Recommendation & advertising (下)

Lesson 54 recommended one item to maximize one click. Real systems serve a slate, across a session, against a budget — and they cannot A/B test every idea. This is where the bandit grows up into a full sequential MDP.

Which core lessons this reuses

Policy gradient (lesson 10) — the slate/session objective is non-differentiable (clicks, dwell, conversions are sampled), so we optimize the policy with the score-function estimator ∇J = 𝔼[G · ∇log π].
Off-policy evaluation / importance sampling (lesson 12) — we cannot run a live experiment for every candidate policy, so we estimate a new policy's value from logged data using the importance ratio ρ = π_new/π_log.

Lesson 54 was a contextual bandit: one state, one action, one reward — a one-step world. This lesson removes the "one-step" assumption.

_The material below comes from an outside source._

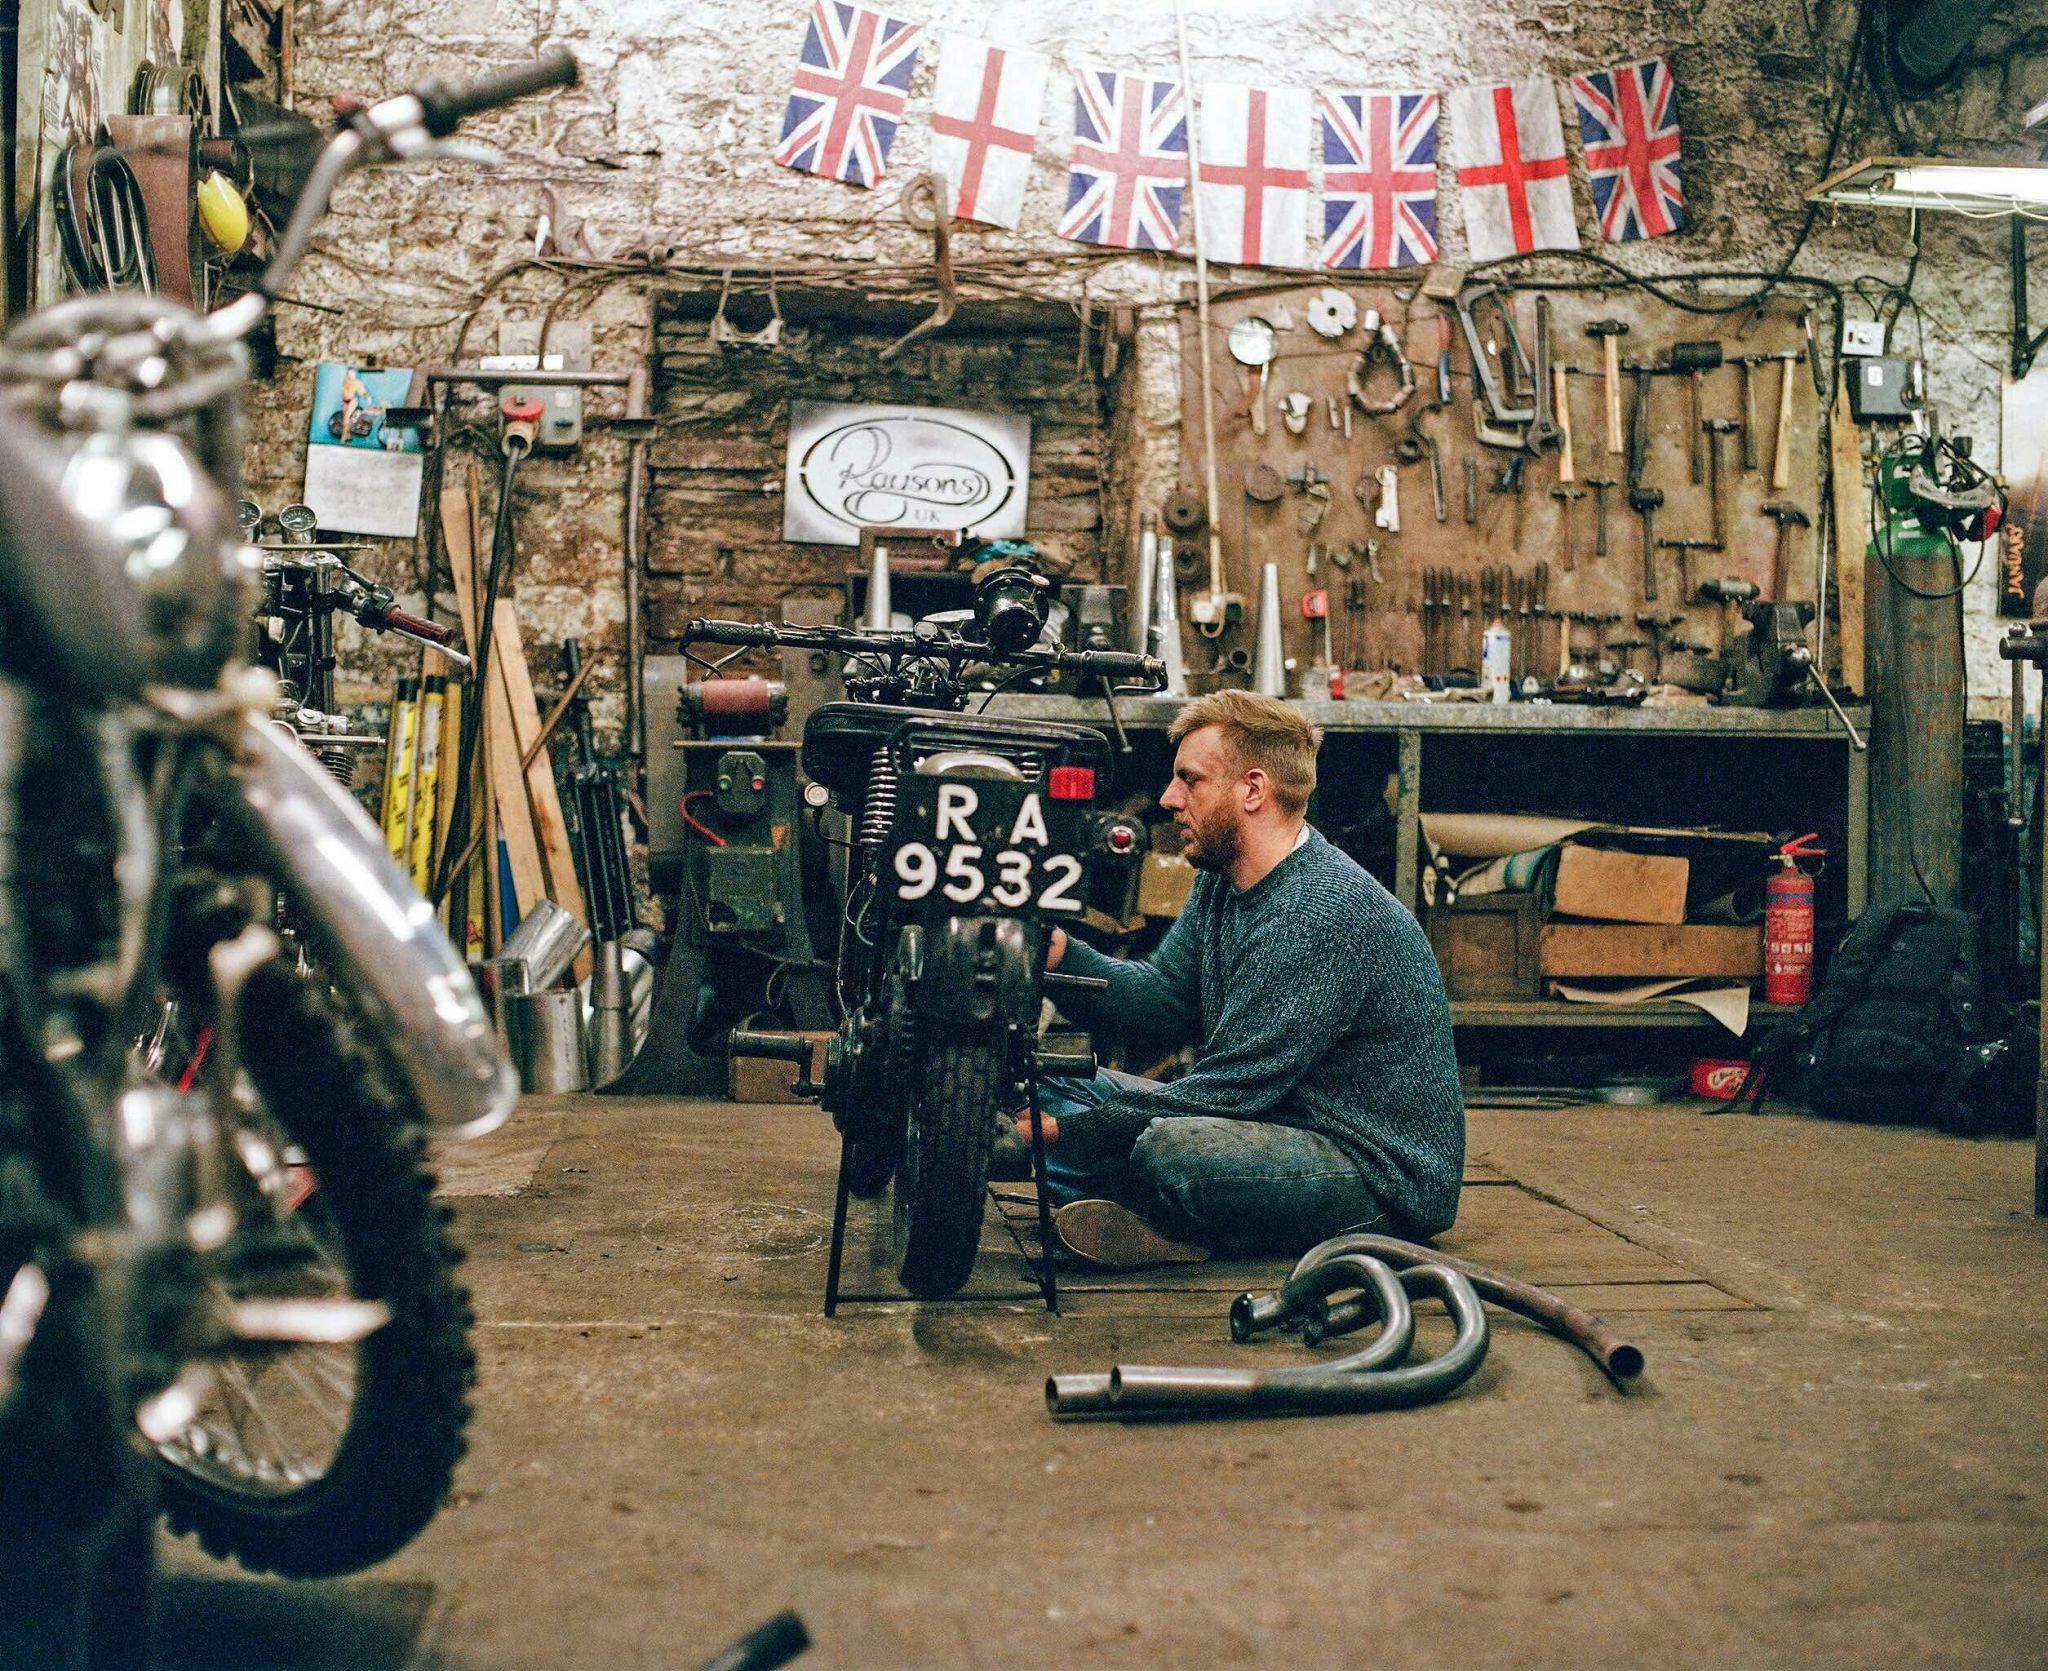 This third-generation exhaust fabricator is helping save Britain's classic  bikes - Hagerty Media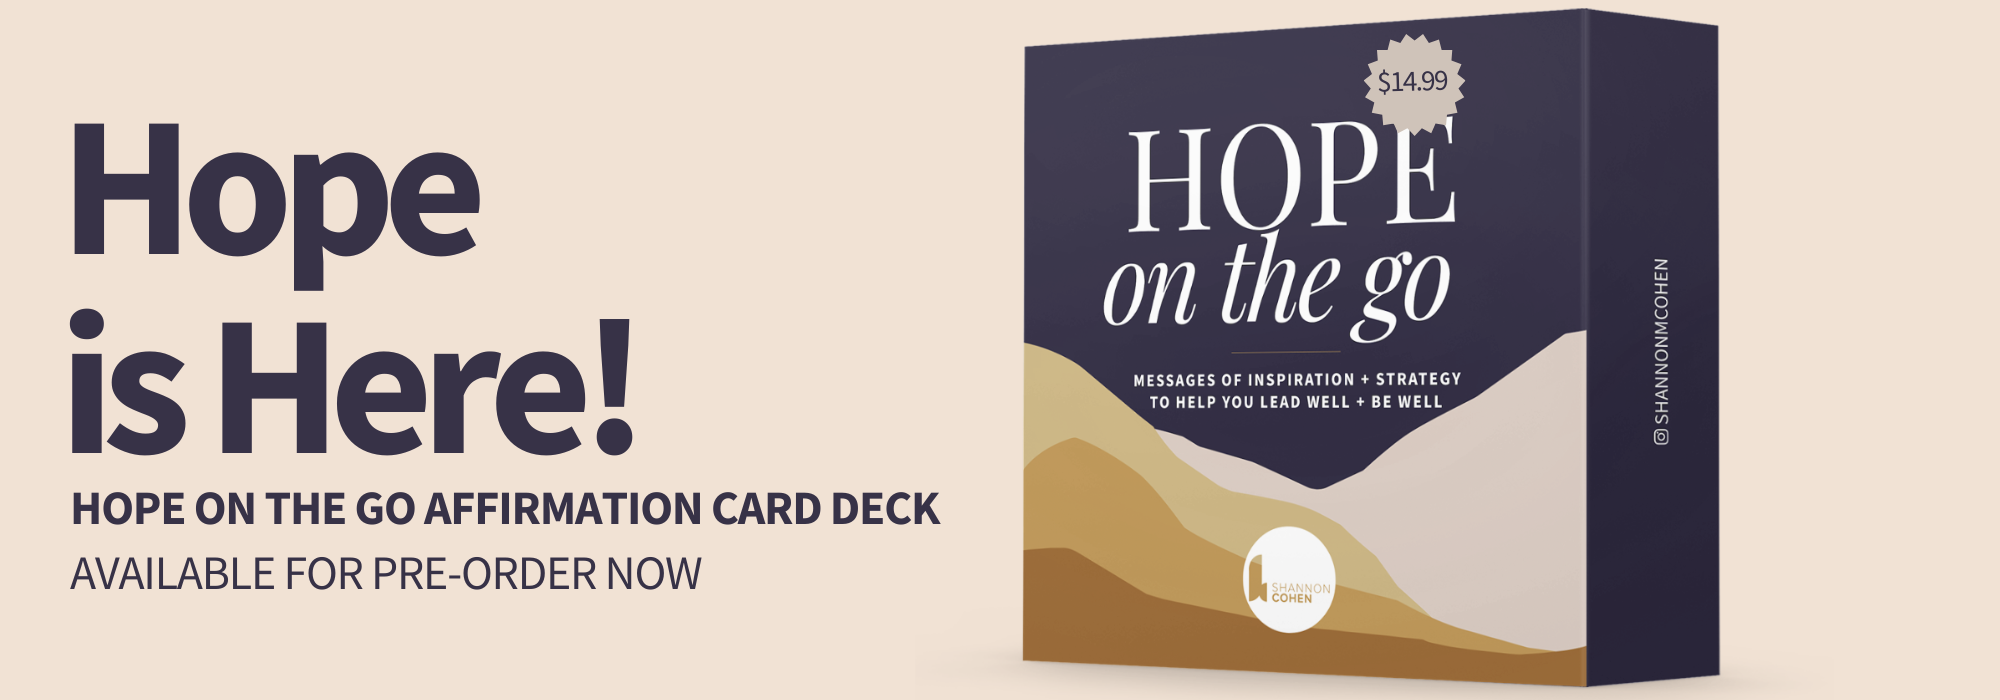 Hope on the Go Inspiration Card Deck

From one item to a slate to a session

Lesson 54 modeled a recommendation as a contextual bandit: the user context is the state s, the chosen item is the action a, the click is the reward r. One decision, one reward, done. Two things break that picture in production:

You serve a slate, not an item. A feed, a results page, a row of ads — the action is an ordered set of K items. Items interact: a great item in slot 1 can cannibalize clicks below it; two near-duplicates waste a slot. The action space is combinatorial.
You serve across a session. The user comes back. What you show now changes the state later — their mood, their trust, whether they open the app tomorrow. Reward is no longer one-shot; it is a stream you sum over the whole session.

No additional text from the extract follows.